The shaft did not welcome her.

Rhaen stepped onto the first narrow stair and felt at once how little the stone cared if she lived.

The steps spiralled down around the open throat of the shaft, hugging the wall. Some were whole. Some were cracked. Some were half-eaten by clear mineral, turned slick with crystal that caught the faint light from above.

Her ribs complained at the first careful descent.

"Too late," she muttered to them. "You should have spoken up before the boss fight."

Her voice fell away quickly, swallowed by the dark below. The air smelled of old dust and cold stone, with a faint metallic taste of mana still settling after the Warden’s death.

She set one hand against the wall and forced her legs to move.

Down.

The first turn was not so bad. The steps were narrow but mostly clear. Rhaen moved slow, leaning more weight on her good leg, keeping her center of balance toward the wall, not the drop. The light from the boss room above washed partway down, painting the upper curve of the shaft in pale blue.

After the second turn, the light began to thin.

Crystal growths pushed out from the wall in places. Some were smooth sheets. Others were thick knobs that had grown over the edges of the steps and then cracked under their own weight.

Rhaen took a breath, felt the bandage pull tight around her side, and stopped pretending this was just another set of stairs.

She unhooked a coil of rope from her pack, looped it around her waist, and tied the other end in a quick hitch through a rusted metal bracket she found half-swallowed by stone. The bracket groaned but held when she tested it.

"Good," she said quietly. "If you break, do it after I’m past."

She paid out rope as she went, keeping it taut but not tight. Her free hand and shoulder brushed the wall, feeling for old handholds – shallow cuts where miners once pulled themselves up and down this same path.

A long time ago, she thought. Before the dungeon grew its glass spine through the place.

On one step, a chunk of crystal tilted under her foot.

It shifted with a faint crack.

Her stomach dropped.

Rhaen threw her weight toward the wall, both hands slapping against cold stone. Her bad leg jolted as she caught herself. For a heartbeat her body hung over the open shaft, toes searching for something solid.

The rope went tight around her waist.

She found the next step by feel alone, boot scraping until it bit into real rock.

"Still here," she told herself through clenched teeth. "Still walking."

Sweat prickled between her shoulder blades despite the cold.

She shook out the tension in her fingers and kept going.

As she descended, the feel of the place slowly shifted.

At the top, near the boss room, the crystal had ruled everything. The stone was host; the glass was master. Mana had flowed in smooth spirals, like water pulled around a drain.

Here, deeper down, the old bones of the mine showed through.

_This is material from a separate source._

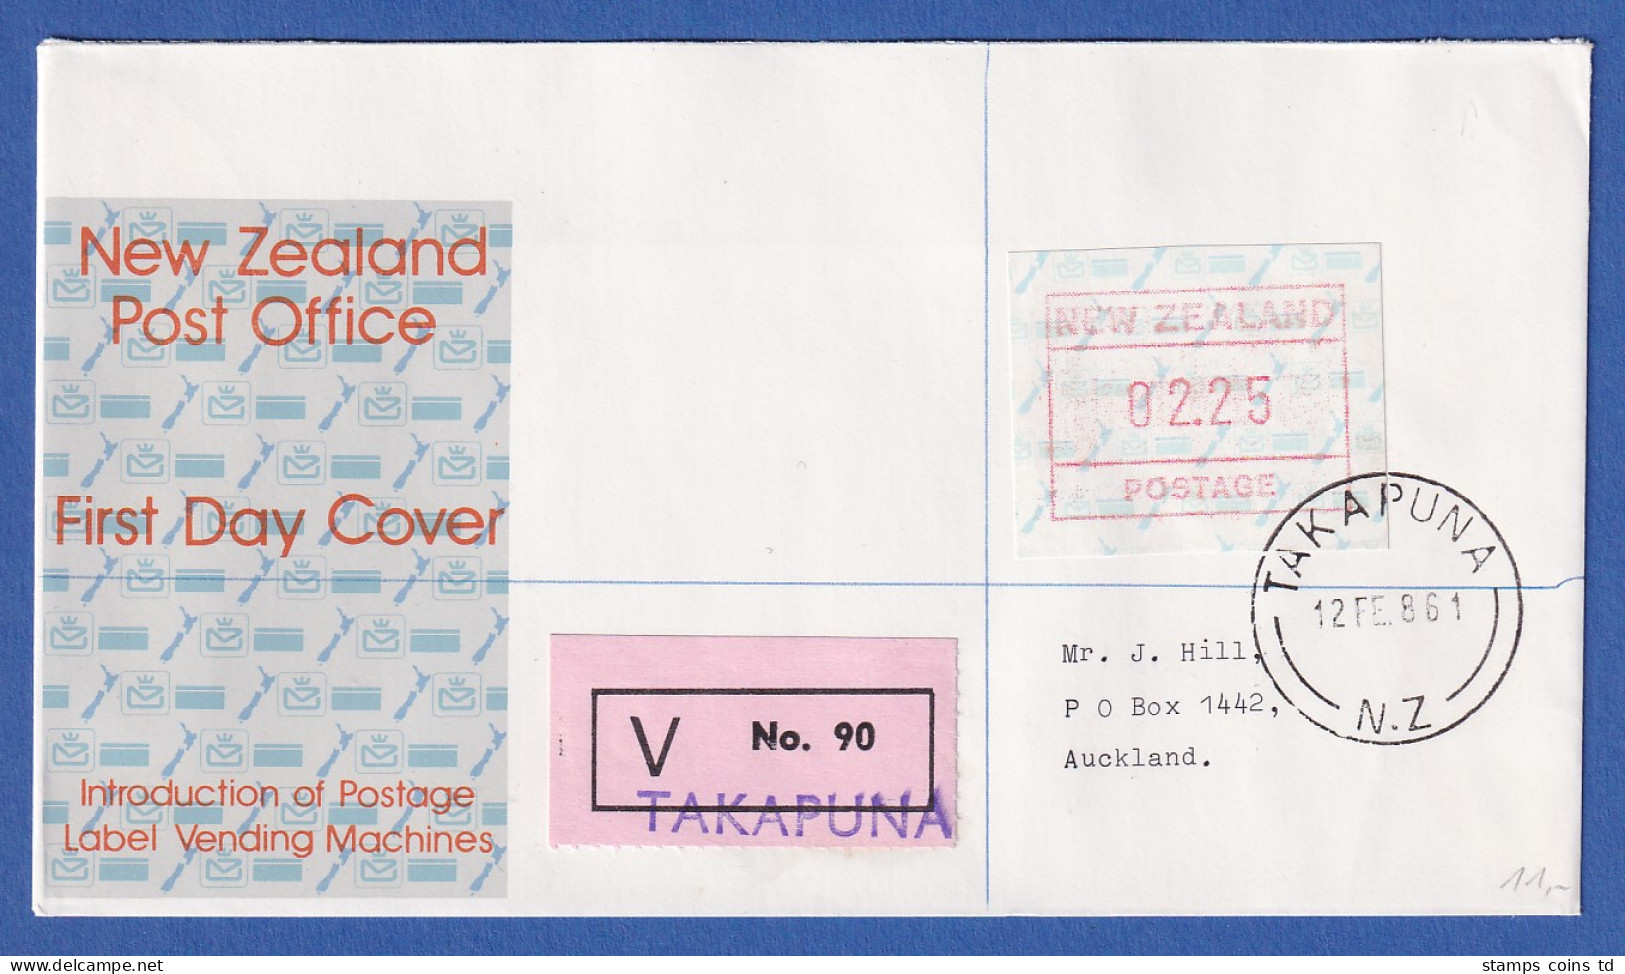 Neuseeland Frama-ATM 2. Ausg. 1986 Wert 02,25 Auf Lp-V-FDC, O Takapuna  - Lots & Serien

The wall under her palm turned rougher, marked with straight tool cuts. She brushed her fingers along one set and felt the pattern of a long-forgotten chisel, steady and even. Rusted brackets jutted out at intervals, once used for lamps or rails. In one stretch, a faint groove cut across the stair where some ancient cart track had crossed before the dungeon warped the floor.

"People were busy here," she breathed.

The idea that once, long ago, this had simply been a mine made the dungeon feel less like a god and more like a parasite.

Her leg throbbed with each step. The fresh bandage around her thigh already felt damp under the leather.

She did not check.

Knowing exactly how much she was bleeding would not help her balance.

The light from above dwindled into a faint suggestion. Below, another glow waited – not bright, not steady, but there. Like foxfire on old wood. The shaft’s throat was not endless.

Halfway down, she almost missed the landing.

It was just a slight widening on the inner side of the spiral: three steps that extended deeper into the wall, forming a small, half-collapsed platform. Wooden beams framed the space, most of them rotted to soft black, some half turned to stone.

Rhaen hesitated.

Her ribs argued. Her leg pulsed.

She stepped onto the landing.

The floor here tilted slightly toward the shaft. Broken boards creaked under her boots but didn’t give way. Crystal had grown through parts of the wood, freezing splinters in clear glass.

The smell changed.

Old leather. Oil. Rust.

She let her eyes adjust to the murky light from below and the faint reflection from the crystal veins.

The landing was a mess.

Old mining tools lay scattered across the floor: picks with heads eaten by rust, shovels with half their blades missing, a small, wheeled cart tipped on its side with one wheel smashed. Stone blocks with sigils carved into them were stacked near the back wall. The carvings had been half obscured by mineral growth, as if the dungeon was slowly trying to erase them.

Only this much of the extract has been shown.